Operator: Our next question comes from the line of Josh Baer with Morgan Stanley. Please go ahead.

Sophie Lee: Hi. Thanks for taking my question. This is Sophie Lee on for Josh Baer. I guess my question is, when you say you expect NRR to be — continue to be pressured going forward, what kind of churn and expansion dynamics are you kind of thinking about? Are those more related to, I guess, less seat expansions, or are you implying more, I guess, lower dollar expansions as customers downgrade to cheaper plans? Just curious what you’re thinking about there.

Tim Wan: Yes. Let me try to answer Brent’s question first. I think I was on mute, and then I’ll jump back into this churn question. Brent, what I was — your question about how to think about the two segments of the business. I would look at our business like the sub-5,000 as one part of our business and the above 5,000 as another part of the business. And if you look at that, if you just kind of break that out, our sub-5,000 business grew at about 18% year-on-year. And our 5,000 cohort grew north of 50%. And that cohort also has much stronger NRR than the sub-5,000. And that’s kind of been the way we’ve been running the business and like how do we move these 5,000 customers up into 25,000, 50,000, 100,000. And that’s really been the motion that we’re focused on and we’ll continue to invest in.

Now back to the churn question or the net expansion rate question. I would probably prioritize it as one. We’re not seeing logo churn. Logo churn is actually quite stable. So customers are not churning off Asana. That’s one. Two, there’s probably some component, but I think it’s relatively small of downgrades, meaning customers may have — some customers have pre-bought into thinking that they would grow into a certain size. And given the macro environment, they’ve decided to downgrade during the renewal. So we see some of that. I think the bigger impact primarily has been kind of the expansion rates. And the expansion rate is just a combination of customers like taking a pause right now just given the macro to try to understand how fast they want to grow their headcount, how much hiring they want to do over the next 12 to 24 months, and just have a lot more certainty around their own business before making that investment.

So as I kind of mentioned earlier, like the pipeline hasn’t changed. The conversations are still happening. But I would say like we did see some noticeable pause in some deals where customers are trying to reflect on their own plans before moving forward.

Sophie Lee: Sounds good. And a quick follow-up, what are kind of like the incentives for customers to sign on to multiyear deals despite a more challenging budgetary environment?

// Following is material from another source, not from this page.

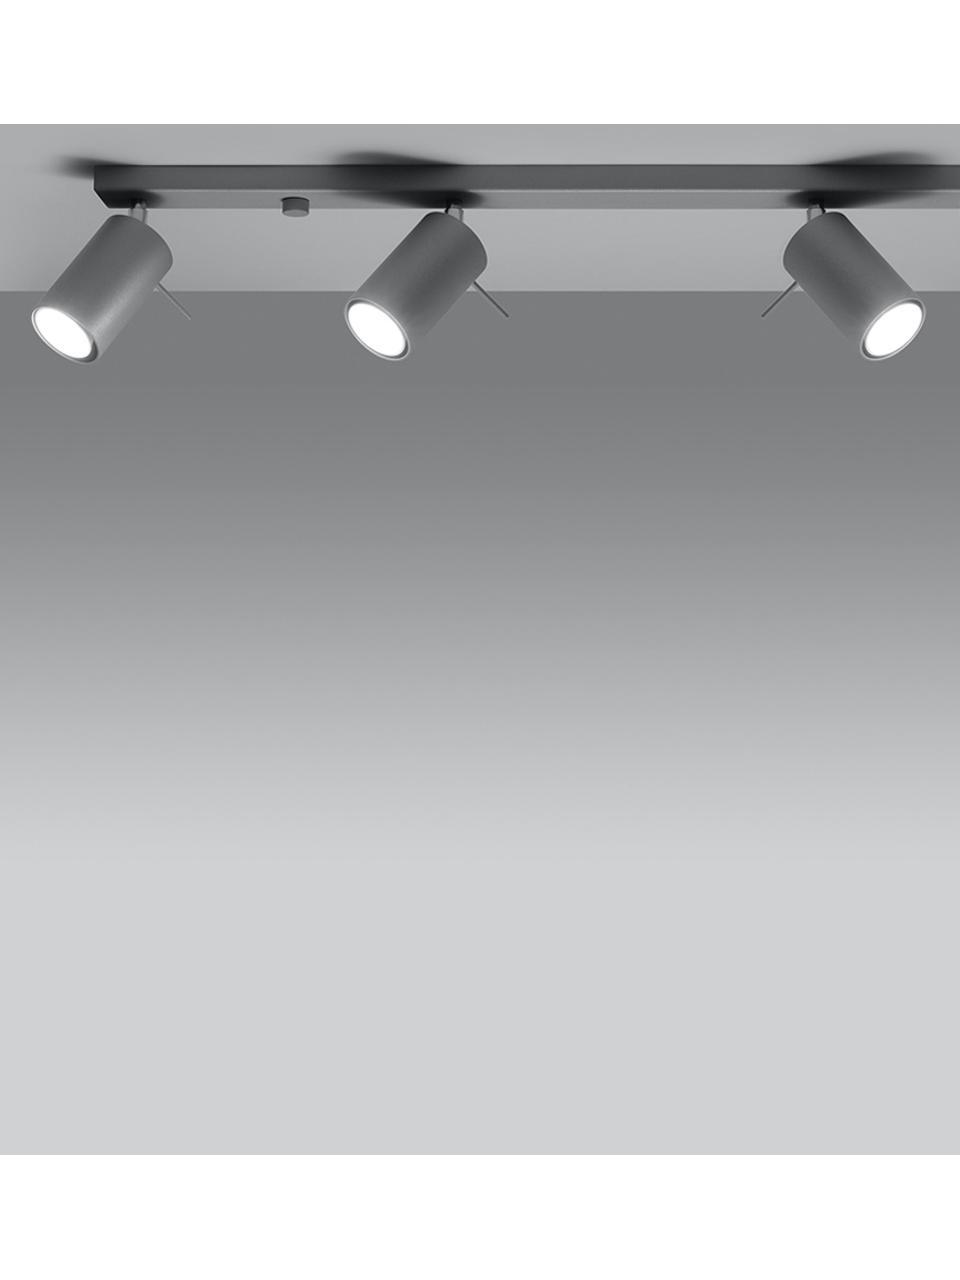 Deckenstrahler Etna in Grau, Baldachin: Stahl, lackiert, Grau, 80 x 15 cm

Tim Wan: I would say, most of these €“ the larger deals are negotiated. So there’s some combination of pricing that gets discussed, if customers are willing to move into a multiyear deal. And then the other lever for customers, and especially in this environment, I think customers are looking for this, and it impacts billing is they’re asking for different payment terms, a different structure in terms of how the timing of which they’ll pay us. So those are generally the two things that I would say that, customers are kind of looking at. And we did actually have, we did actually saw a noticeable increase in our multiyear deals this quarter versus last quarter, which is really encouraging as well.